OpenAI Embeddings Node
This node in LiteGraph generates embeddings for input text using OpenAI’s embedding models. Embeddings are dense vector representations of text that capture semantic meaning and can be used for various downstream tasks like similarity comparison, clustering, and classification.
Inputs and Outputs
Input: Accepts ‘string’ input representing the text to generate embeddings for.

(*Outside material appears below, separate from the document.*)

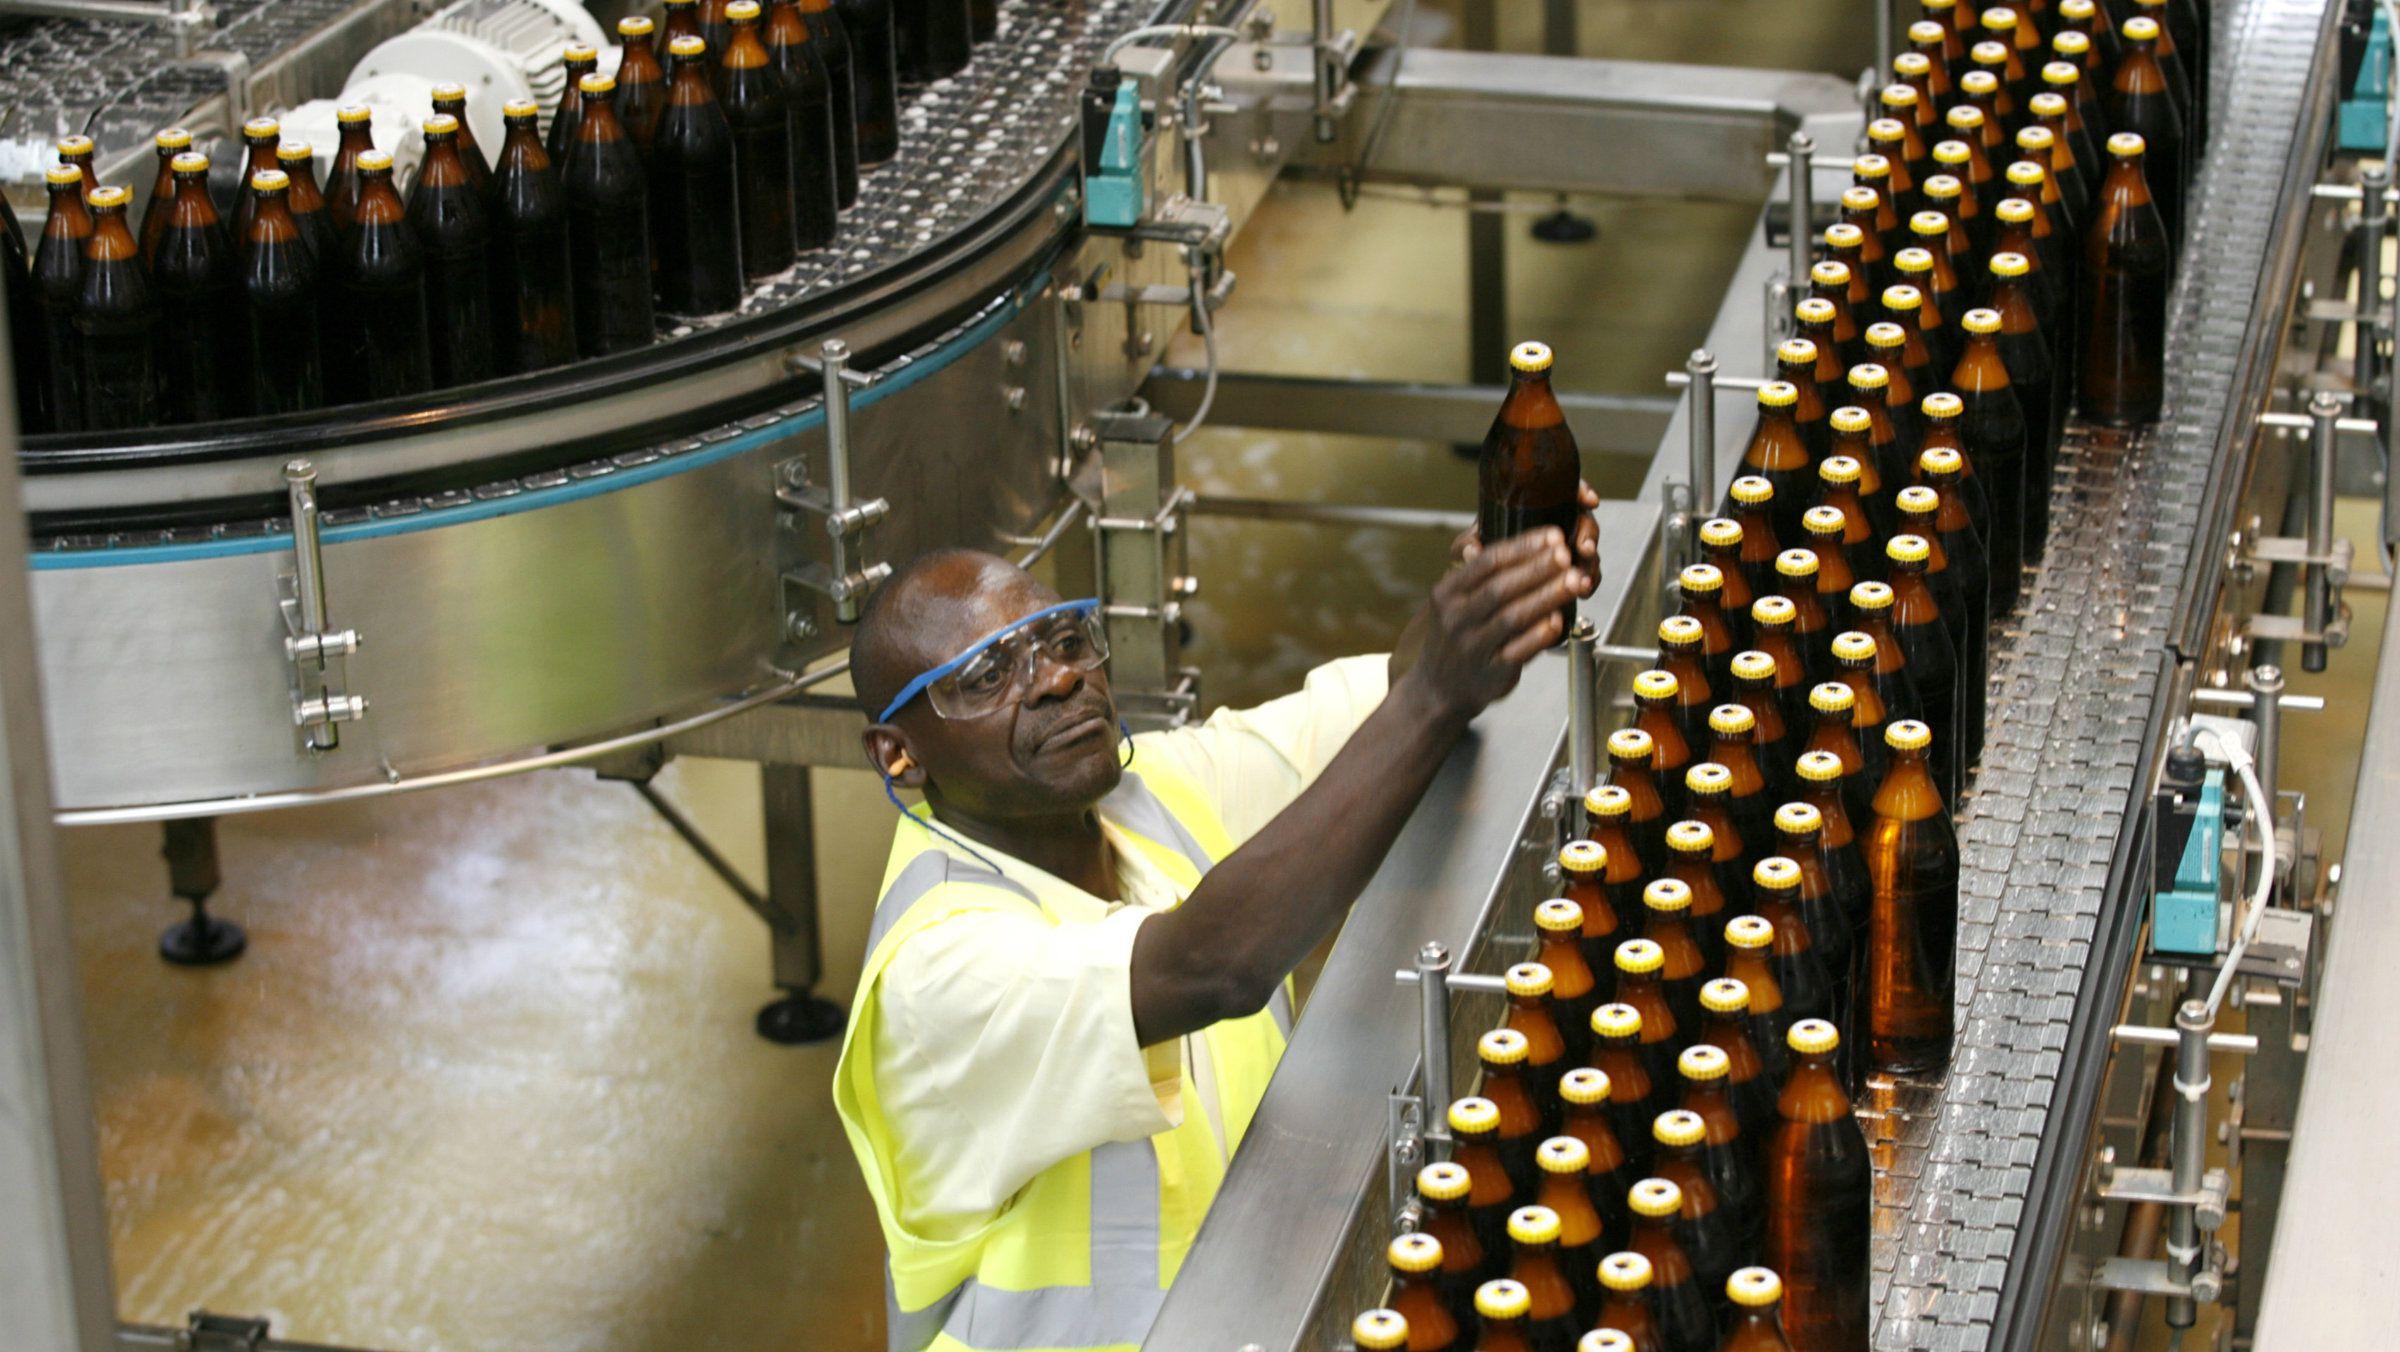 A worker inspects beer bottles on a conveyor belt of a factory in Nairobi, Kenya.

Output: Outputs an ‘array’ containing the generated embeddings.
Properties
Model: Choose from available embedding models like ‘text-embedding-ada-002’, ‘text-embedding-ada-002-v2’, ‘text-embedding-babbage-001’, ‘text-embedding-curie-001’, ‘text-embedding-davinci-001’, ‘text-embedding-davinci-002’.
Secret: API key for accessing OpenAI services.
Functionalities
The node sends a request to the OpenAI API with the selected model and input text to generate embeddings. The generated embeddings are then output as an array.
Widgets
Model Selector: Choose the embedding model to use.
Secret Selector: Select the API key for access.
Usage
1. Connect a string input representing the text to generate embeddings for.
2. Choose the desired embedding model and provide the API key.
3. The node processes the input text and outputs the generated embeddings as an array.
4. The generated embeddings can be used for various downstream tasks like similarity comparison, clustering, or as input to other machine learning models.